This paper discusses key issues related to the conduct of monetary policy in countries that have Islamic banks. It describes the macro-financial background and monetary policy frameworks where Islamic banks typically operate, and discusses the monetary transmission mechanism in economies where Islamic and conventional banking coexist. Most economies with Islamic banks also have conventional banks and this calls for a comprehensive approach to monetary policy. At the same time, a dual approach to monetary policy should be considered whenever the Islamic segment of the financial system is not as developed as the conventional one. The paper tries to shed light on potential spillovers between conventional and Islamic financial systems and proposes specific recommendations on the design of Islamic monetary policy operations and for facilitating monetary transmission through the Islamic financial system.
Despite a fast-growing Islamic banking industry, the implementation of monetary policy and the transmission mechanism of monetary policy in the presence of Islamic banks remain a challenge for the central banks (CBS). The challenges arise not only from the Islamic finance core principles but also from the macro-financial background and monetary policy frameworks of countries where Islamic banks operate. Since the early 1990s, the related literature has broadly followed two streams: the first one, theoretical, was derived from the work of Khan and Mira Khor (1990) and was based on the premise that Islamic finance is strongly anchored on the profit-and-risk sharing principle and mainly equity-based.
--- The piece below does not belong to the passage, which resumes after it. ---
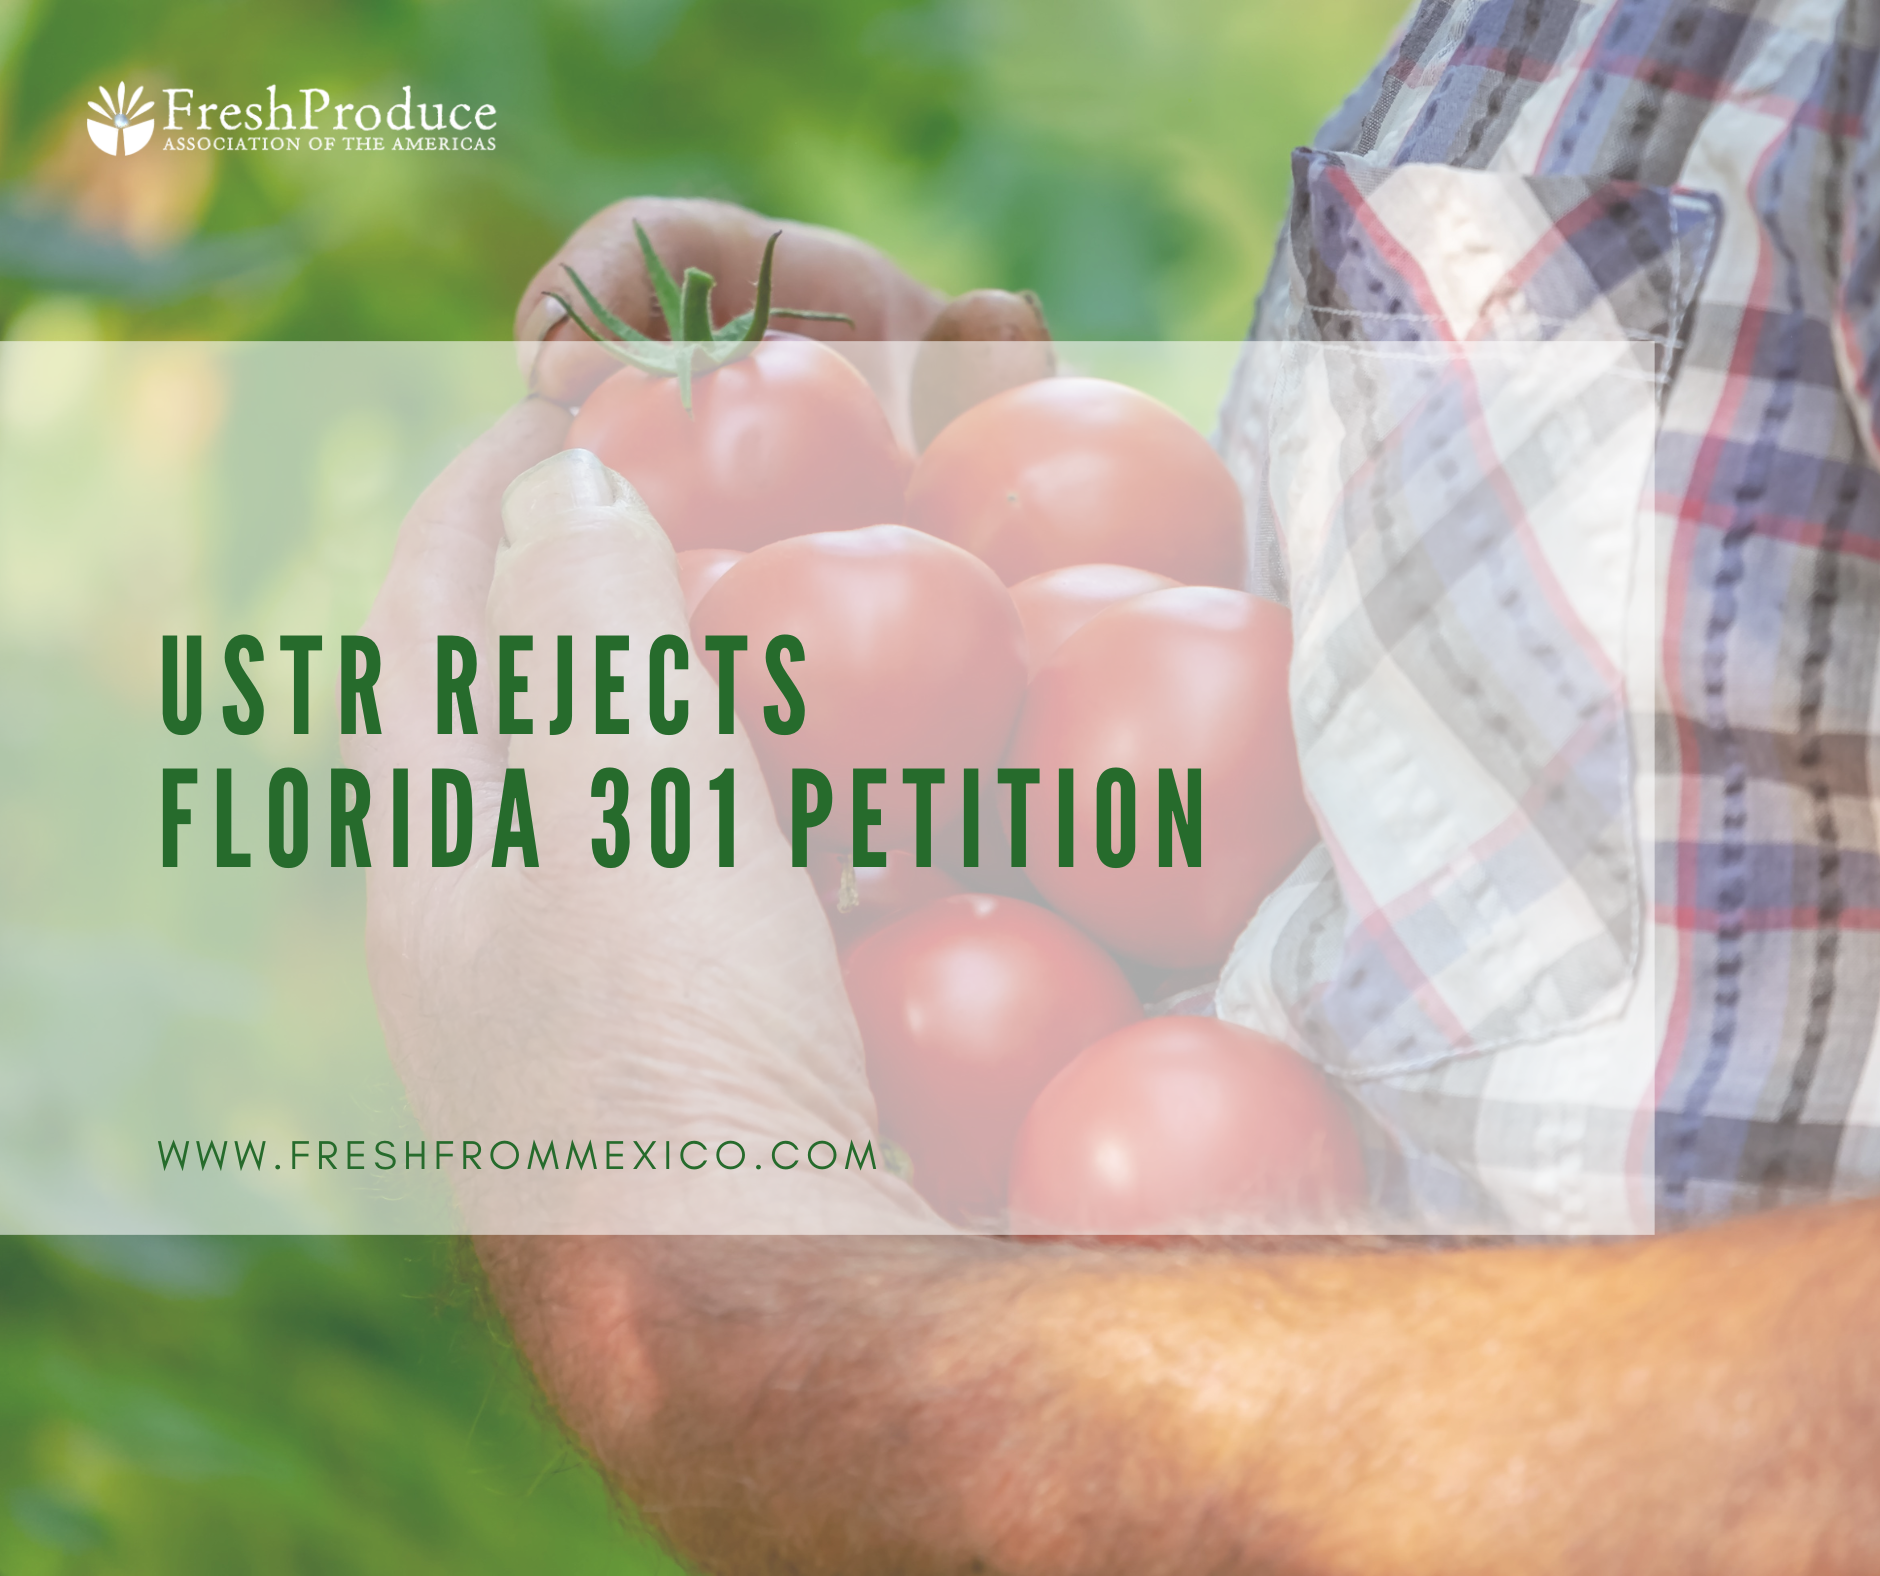 FPAA Applauds USTR for Rejecting Florida 301 Petition

The second one, empirical, has focused on monetary transmission from the conventional segment to the Islamic segment of the financial system (Cevik and Charap, 2011). This paper builds on both streams and highlights the evolving nature of Islamic financial systems and the related complexity of the transmission and operation of monetary policy in dual financial systems (i.e. coexisting Islamic and conventional systems). Financial systems where Islamic banking is systemic are typically dual and not fully developed. Islamic banks tend to develop side-by-side with conventional banks and are influenced by “standard” monetary policy instruments and conditions. As Islamic finance grows in importance, development in that segment may start to influence, under competitive pressure, the conventional financial system and overall market conditions. Islamic banks are not isolated from the macro financial background in which they operate: exogenous shocks, macroeconomic management, and systemic liquidity conditions have implications for monetary policy implementation and its transmission through the Islamic banking system.